Никольская церковь в Устье, там, где Великая впадает в Псковское озеро. Белая обветшалая главка выступает из высоких бурьянов. Мы пришли к ней по жаркой низине, где, сложенные из камней, с продырявленными крыльями, стоят ветряные мельницы, похожие на летательные аппараты древности, так и не взлетевшие со своих аэродромов. Сидим с Борей в причаленной длинной ладье. На мокром днище сорванная сырая кувшинка. Он читает мне сонеты Шекспира — о смуглой леди, о чьей-то мучительной безответной любви. И больная сладкая мысль: неужели когда-нибудь, утомленный и старый, я приду к этой церкви и буду вспоминать кувшинку, маленькую книжицу в Бориных загорелых руках, его звучное страстное декламирование и на синей озерной воде медлительные длинные лодки, на которых крестьяне везут с островов накошенные зеленые копна, и лица гребцов — красные при свете низкого солнца.
Мы подымаемся по крутым ступеням в каменной толще псковского Троицкого собора. Ступень за ступенью под кровлю, под толстенные деревянные балки, пугая голубей, по шатким деревянным лестницам, под самые купола, в горячем смуглом сумраке. Он хочет сделать снимок из-под крестов, из неба, и мы совершаем долгое мучительное восхождение, задыхаясь, хватаясь за сердце, страшась падения в душную мглу, сквозь трескучее дерево ветхих перекрытий и лестниц. Попадаем в накаленный шар жестяного мрачного купола. Открываем оконце в обшивке. И сияющий ветряный мир врывается в сумрак — блестят озера и реки, белеют храмы, вьются в полях дороги. Мы под крестами, среди свиста стрижей, тугого ароматного ветра. Возносимся на золотых куполах, как на воздушных шарах, ликующие, пережившие внезапное, небывалое счастье, любовь к этой неоглядной родной земле, над которой летят наши любящие бессмертные души.

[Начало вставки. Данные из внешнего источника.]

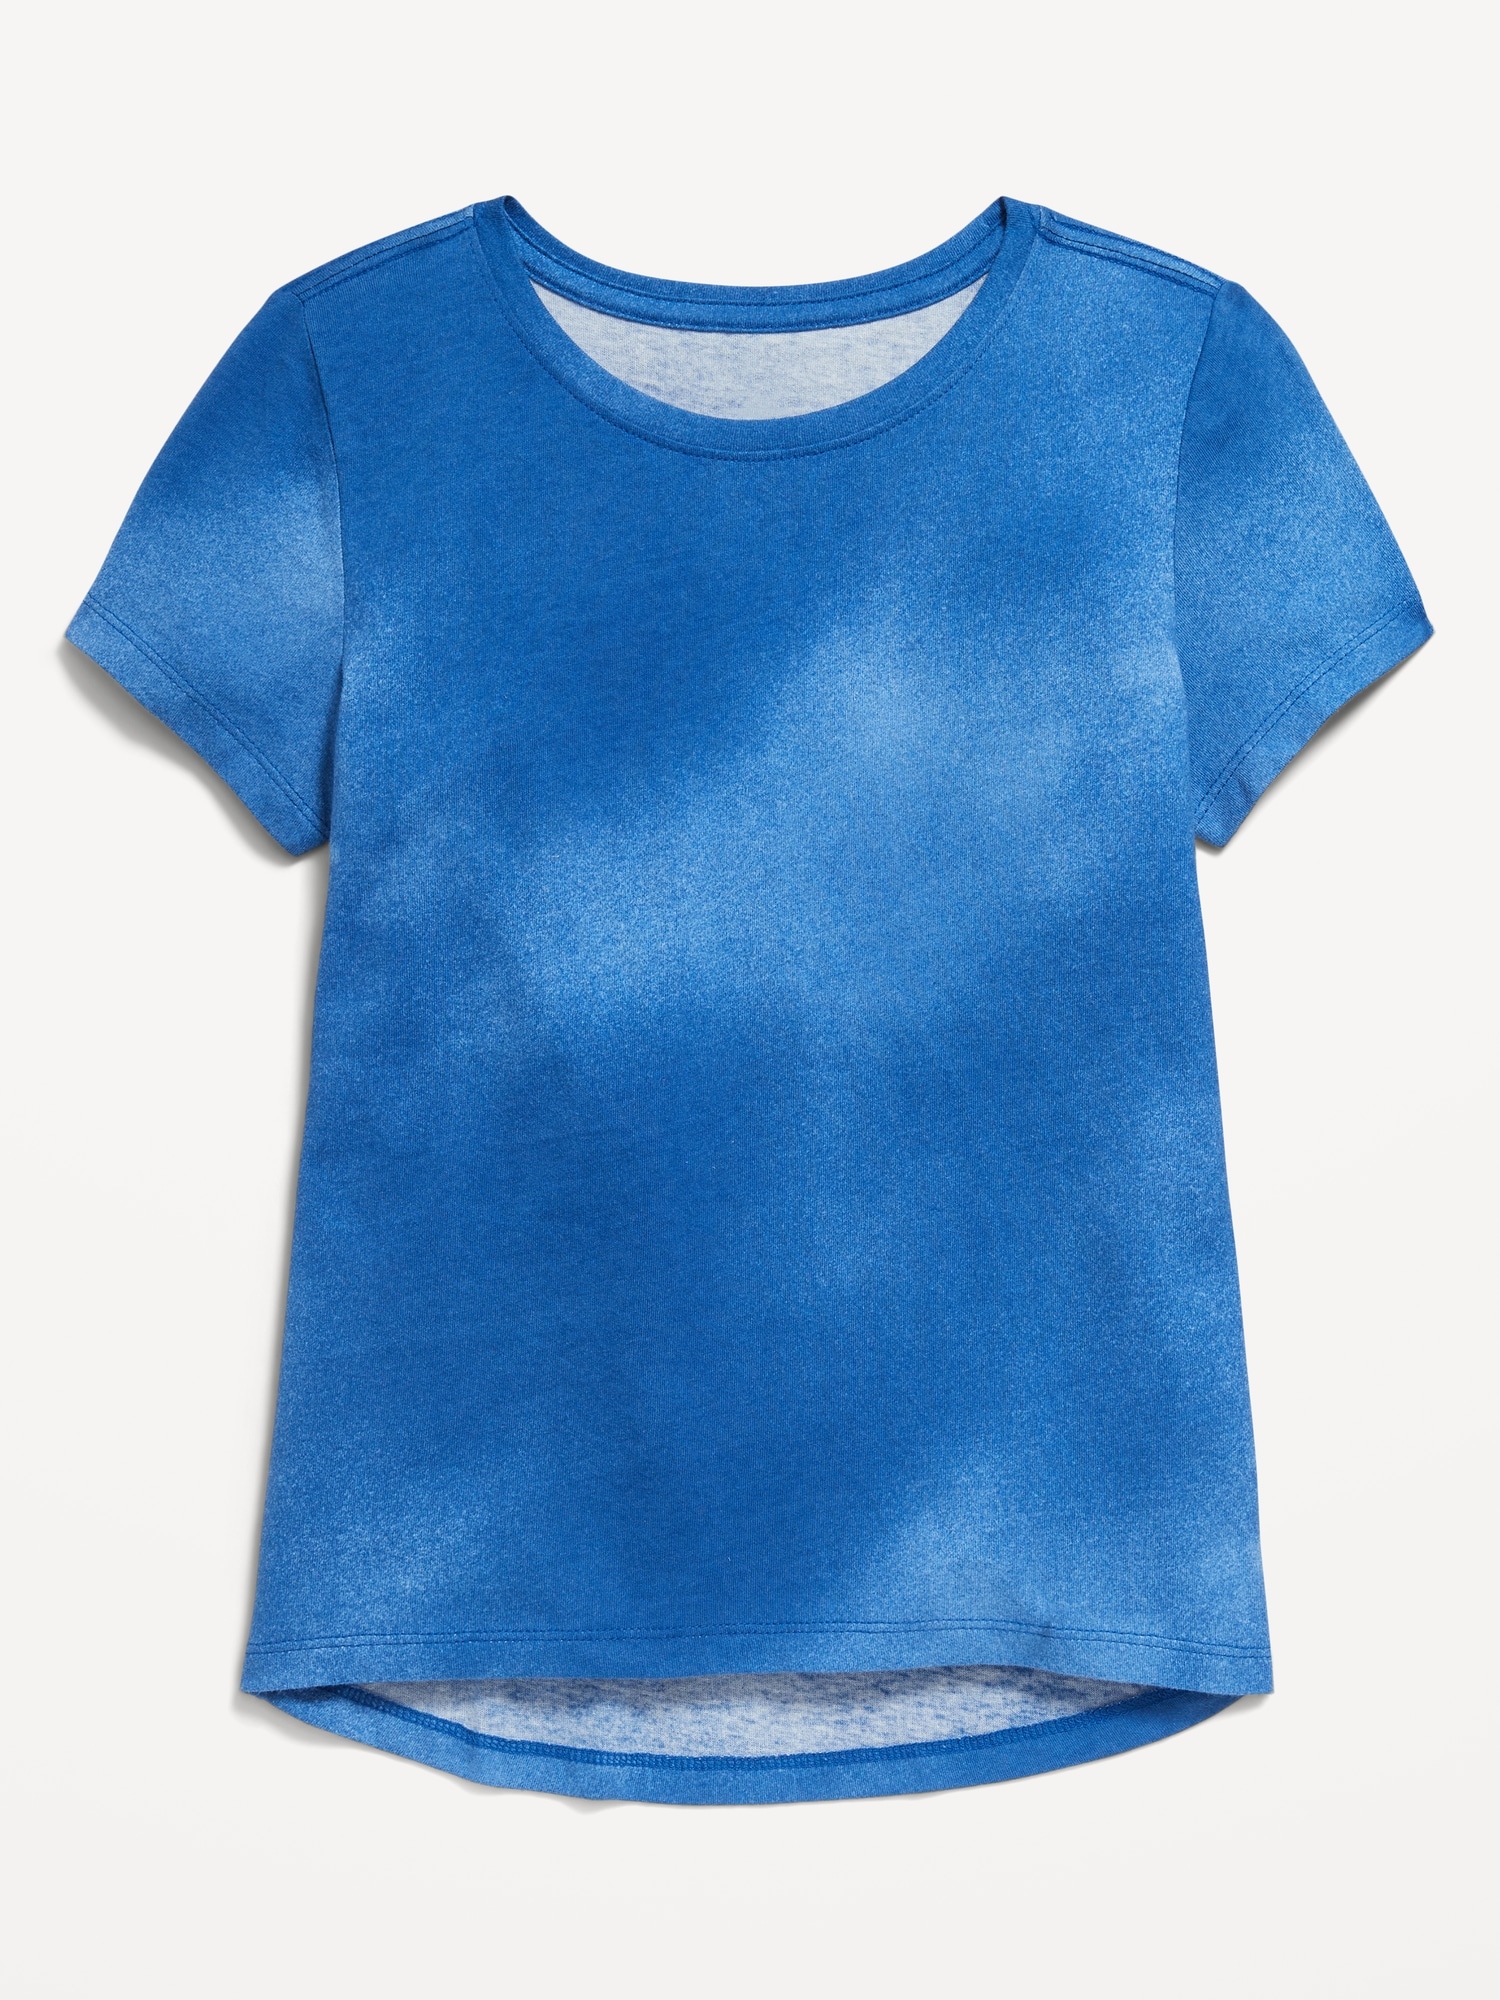 Softest Short-Sleeve T-Shirt for Girls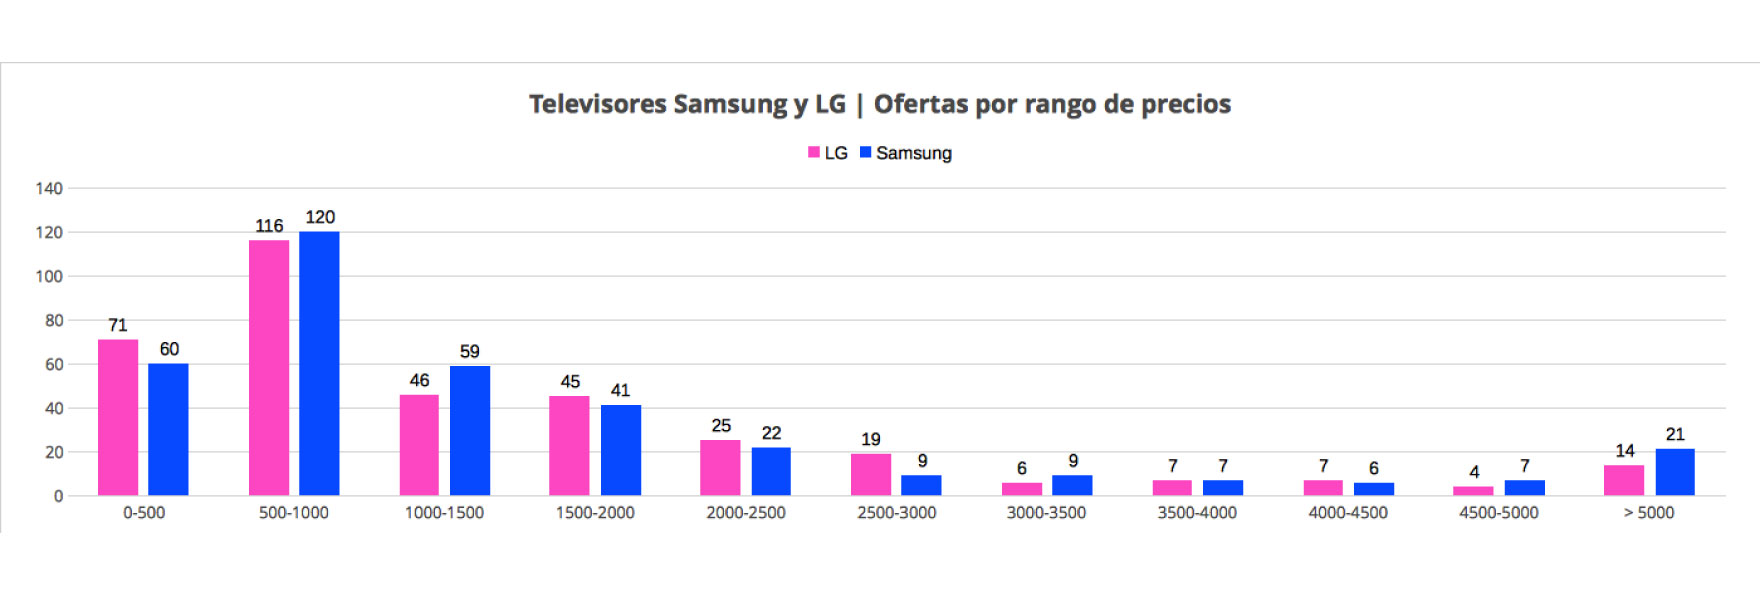 Televisores Samsung y LG en el mercado online de España

Земля, по которой ходил Скобельцын, открывала ему свои сокровенные долины, ручейки, небывалые просторы, разноцветные каменья, придорожные кресты, заросшие лесом, брошенные монастыри и погосты, тускло-золотые иконостасы, шумные ливни, падающие в цветущие льны, сахарно-белые льдины, плывущие по Великой вдоль стен Мирожской обители, бесконечную красоту облаков над шатрами кремля, над крестьянскими избами, над разливами вод у Залита, когда из облака вдруг падает прозрачно-синий шатер лучей, шевелит лопастями, как Божьими перстами, словно ищет кого-то, пока не загорится ослепительно белый, на зеленой горе, псковский храм. Земля искала своего певца, своего художника — и нашла его в моем друге. И он сам, ленинградец, горожанин, уроженец иной культуры, иной имперской идеи, неустанно пылил по псковским проселкам, отдыхал на сеновалах, пил из ручьев и колодцев, покрываясь смуглым загаром, белесой пылью, тусклой сединой. С каждым походом, с каждым рисунком и фотоснимком, с каждой обмерянной и отреставрированной усадьбой и церковью становился сыном этой земли, ею самой. Питался ее тайными животворными силами, говорил ее таинственным живым языком.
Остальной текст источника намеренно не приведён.